Deux bélugas de Marineland, Rain et Peekachu, ainsi qu’un béluga résidant au Shedd Aquarium de Chicago, Beethoven, sont morts quelques semaines après leur transfert. L’enquête menée par l’aquarium est toujours en cours.
Dix-neuf bélugas et la seule orque de Marineland, Kiska, sont morts au sein du parc entre 2019 et 2025.
Le parc abritait la plus grande collection de bélugas en captivité au monde, avec 30 individus. L’ancienne propriétaire, Marie Holer, avait mis le parc en vente en 2024 avant de le fermer définitivement à la fin de cet été-là. Elle est décédée quelques jours après la fermeture, après avoir pris la relève de John Holer, fondateur du parc en 1961 et décédé en 2018.
Selon certaines sources, le parc aurait été provisoirement vendu à condition que tous les animaux aient quitté les lieux avant la fermeture. Plusieurs centaines de cerfs se trouvent encore sur le site.
Marineland et Oceanografic ont transféré les deux bélugas ainsi que quatre dauphins en Espagne au cours d’un périple de vingt heures, le 27 août.
« À l’heure actuelle, il n’est pas possible de déterminer la cause du décès, a indiqué Oceanografic. Les vétérinaires d’Oceanografic procéderont à une autopsie en collaboration avec l’équipe de pathologie de l’université CEU Cardenal Herrera afin de tenter de déterminer les facteurs qui ont pu contribuer à sa mort. »
Marineland a dit que ses baleines étaient en bonne santé au moment où elles ont quitté le parc. La ministre des Pêches, Joanne Thompson, avait également donné son feu vert au déplacement des baleines et des dauphins.
Marineland a transféré ses baleines et ses dauphins vers cinq parcs en l’espace de six semaines : les sites de SeaWorld à San Diego et à San Antonio, le Georgia Aquarium d’Atlanta, le Shedd Aquarium de Chicago et l’Oceanografic de Valence.
« Nous avons été profondément attristés d’apprendre le décès de Jelly Bean, a affirmé Marineland dans un communiqué. Nos pensées vont aux personnes qui ont pris soin d’elle : le personnel et les soigneurs qui la côtoyaient au quotidien, ainsi qu’à tous ceux qui ont suivi son histoire. »
En 2019, le gouvernement fédéral a interdit la captivité des baleines et des dauphins, mais a accordé une dérogation aux animaux de Marineland. Il a également interdit la reproduction, ce qui a contraint Marineland à séparer ses mâles et ses femelles. La loi a également interdit les spectacles.
Décès liés aux changements
Le parc attribue en partie ces décès à ces changements.
L’année dernière, Marineland avait conclu un accord pour vendre toutes ses baleines et tous ses dauphins à Chimelong Ocean Kingdom, un aquarium chinois inscrit au Livre Guinness des records comme le plus grand aquarium du monde.

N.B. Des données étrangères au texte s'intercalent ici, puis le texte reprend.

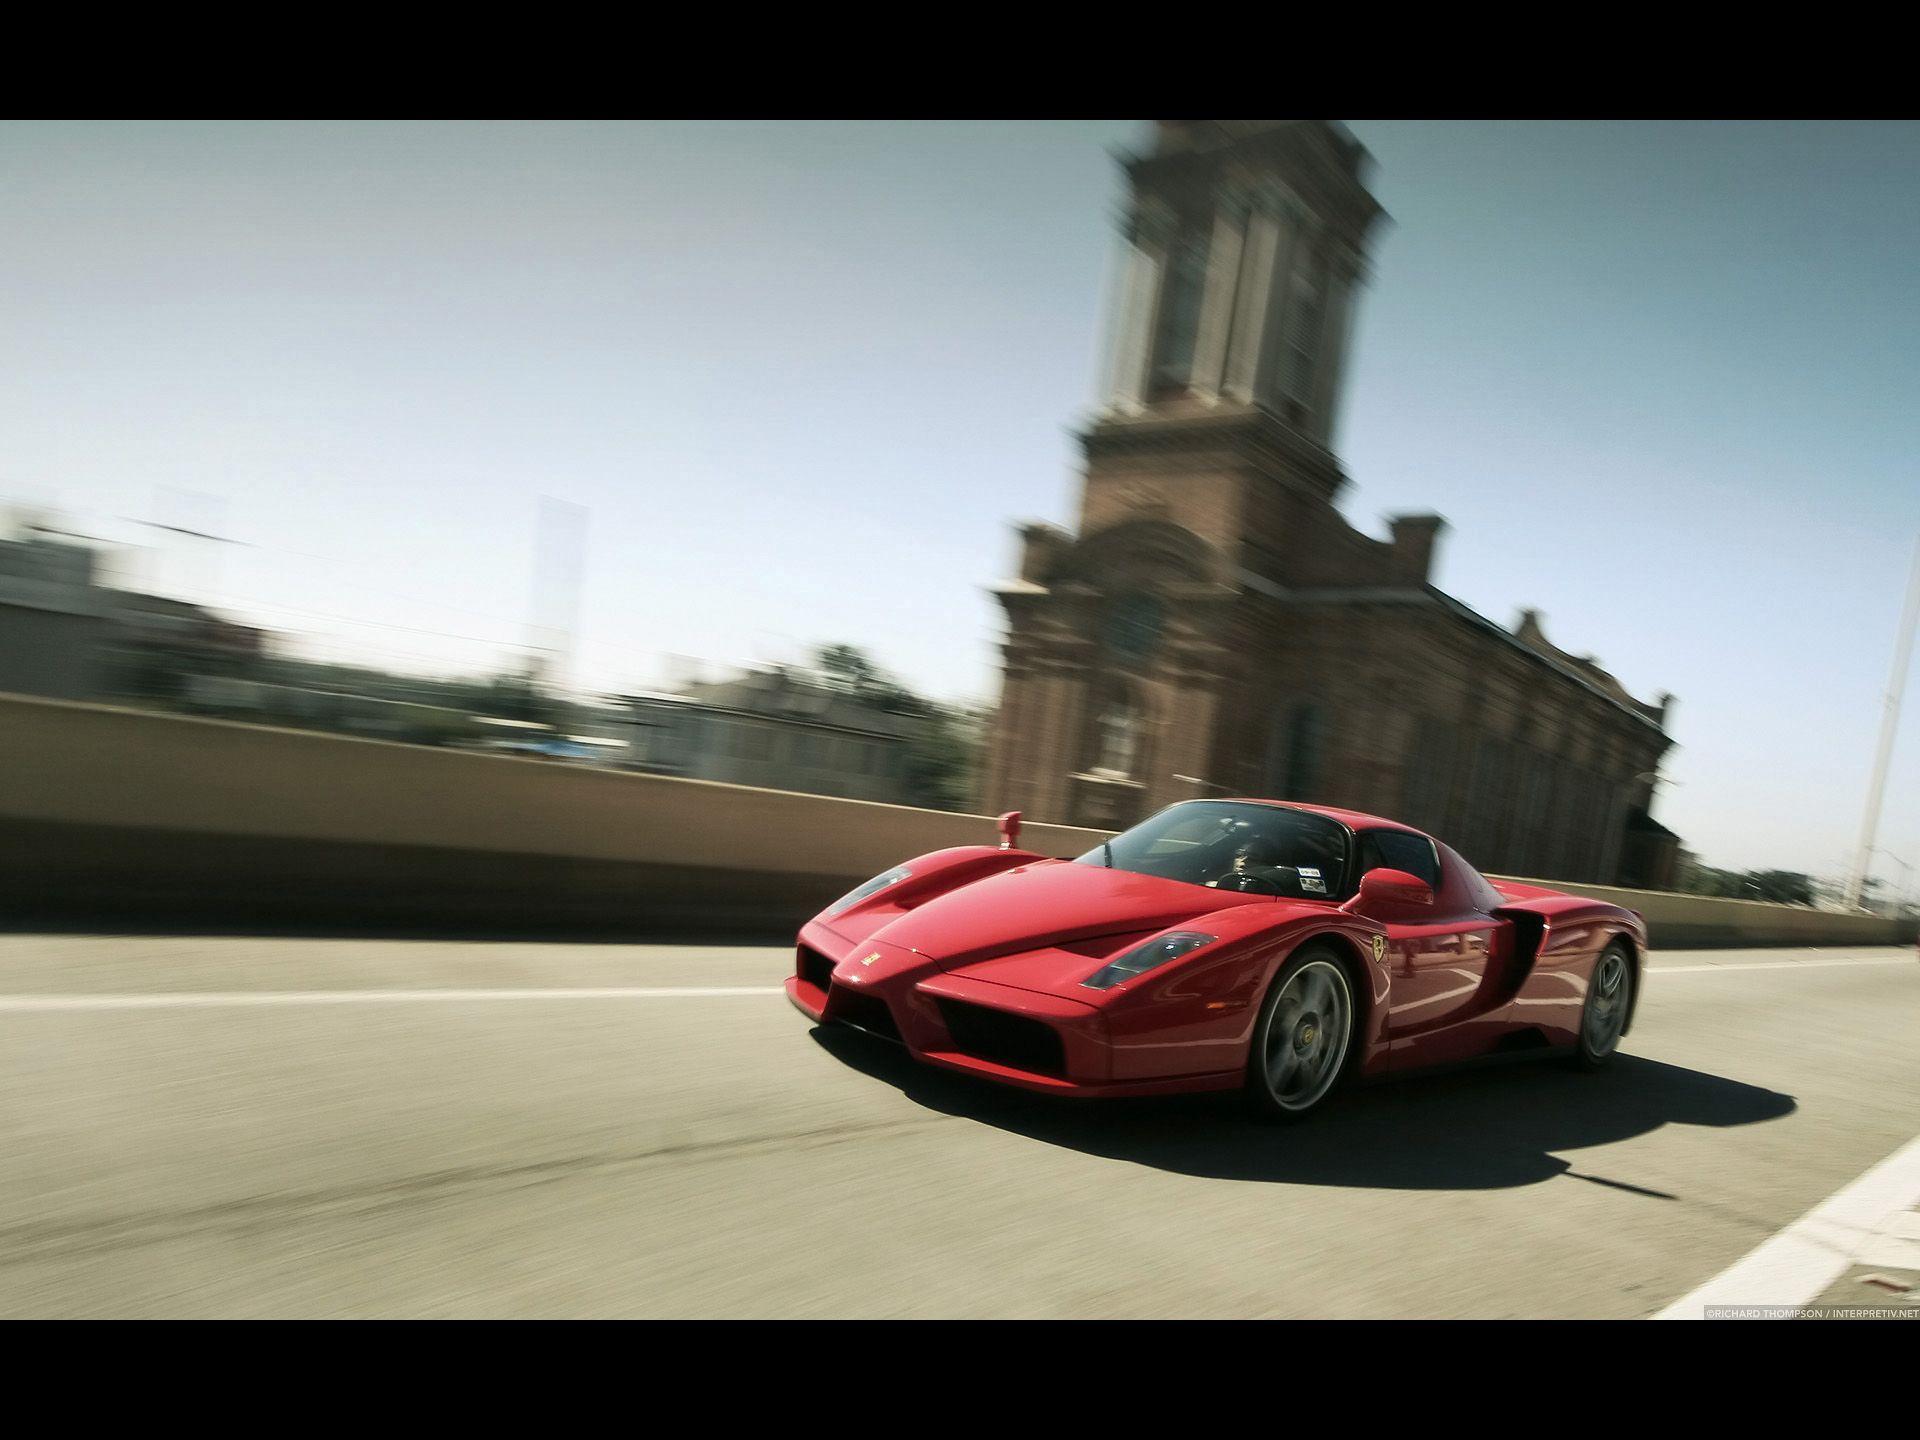 Ferrari Enzo Hd Picture 557392166 Clarisse Garrud

C’était le seul endroit au monde que Marineland avait pu trouver qui acceptait de tous les accueillir.
La ministre Thompson a toutefois rejeté cet accord, estimant qu’il n’était pas dans l’intérêt des baleines, car celles-ci seraient soumises à des lois différentes, notamment en matière de reproduction et de numéros de spectacles.

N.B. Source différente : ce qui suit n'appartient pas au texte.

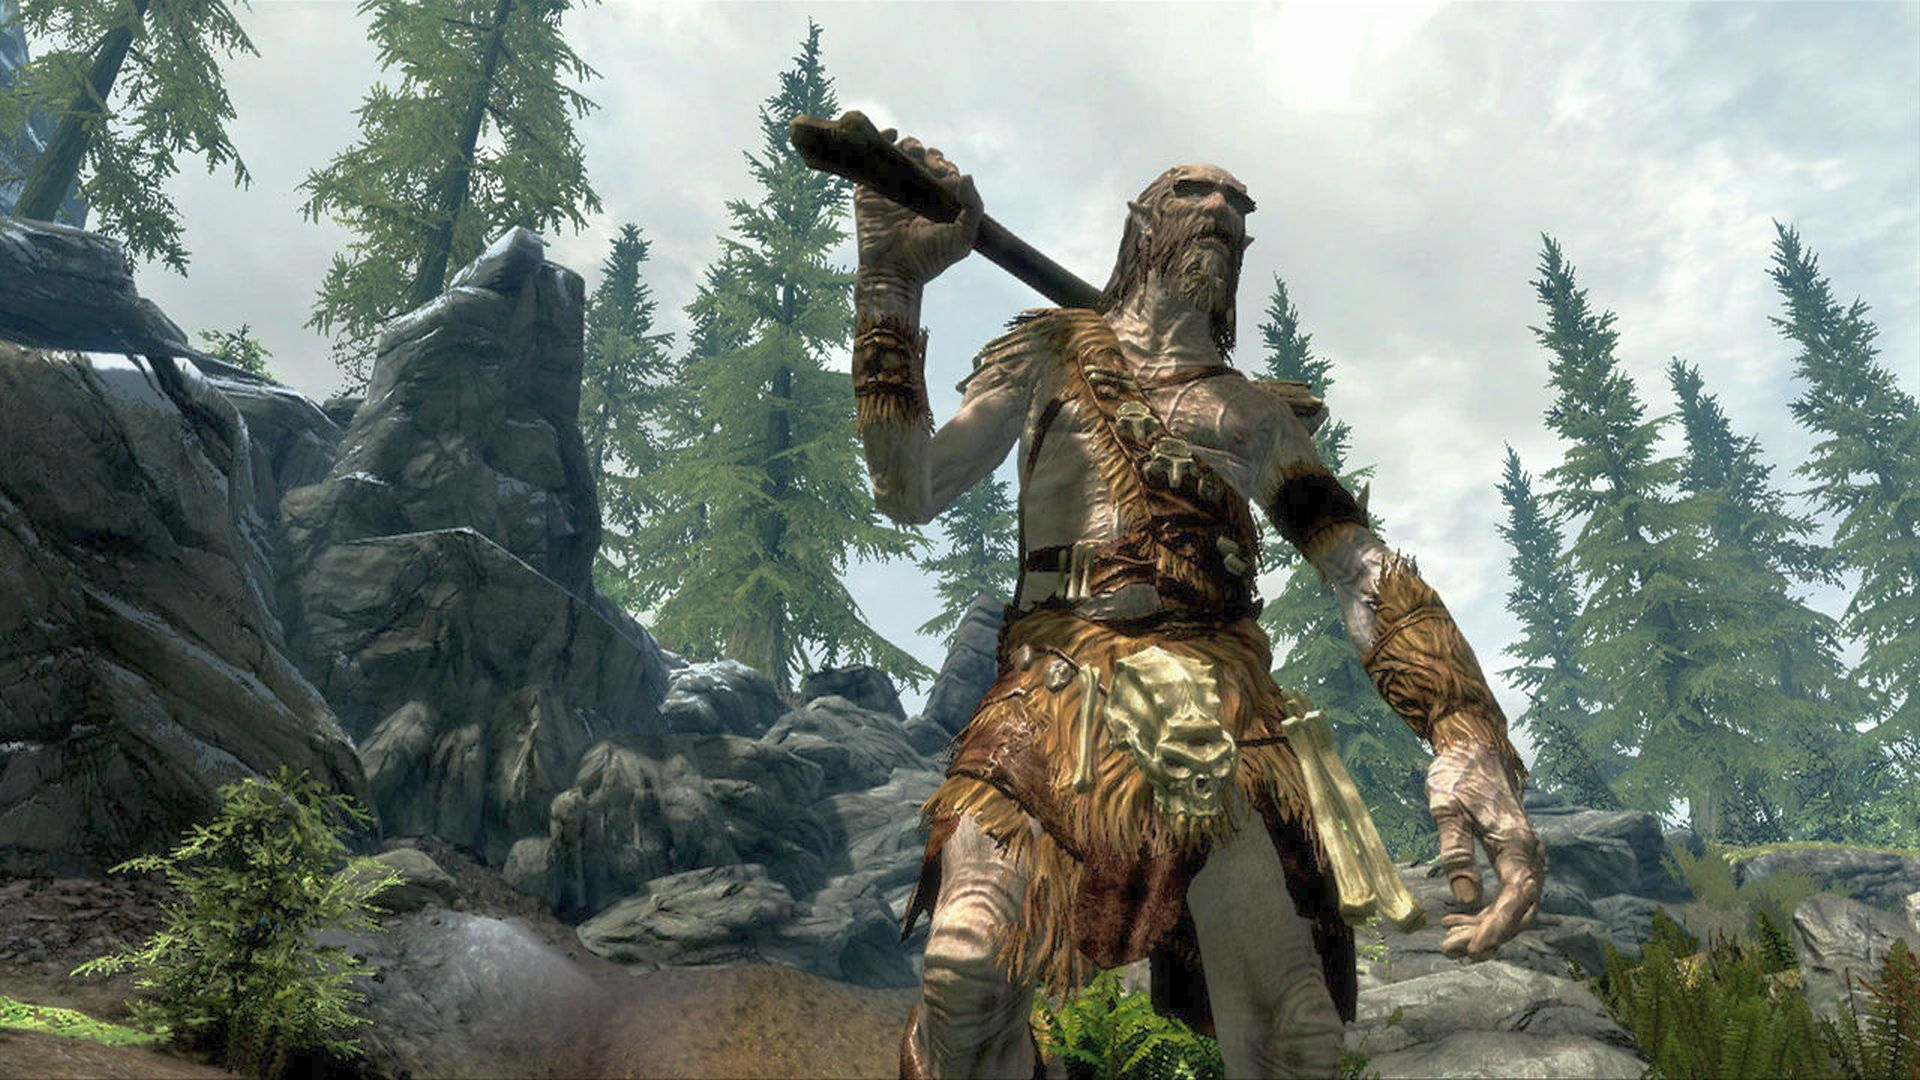 This Skyrim mod lets you yeet NPCs across the land like a giant

En réponse, Marineland a fait la une de la presse internationale en déclarant qu’il était à court d’argent et qu’il avait besoin d’une injection de fonds fédéraux, faute de quoi il serait contraint d’euthanasier toutes ses baleines.
Cette menace d’euthanasie est restée d’actualité tant que le parc n’avait pas réussi à faire partir les baleines.
Le parc s’est alors tourné vers un consortium d’aquariums américains et espagnols pour obtenir de l’aide. Mme Thompson a finalement approuvé cette décision, bien que les baleines et les dauphins se soient retrouvés dans des lieux où la reproduction et les spectacles étaient autorisés.
La dernière baleine en captivité au Canada, Tofino, a quitté les eaux de Marineland le 31 août.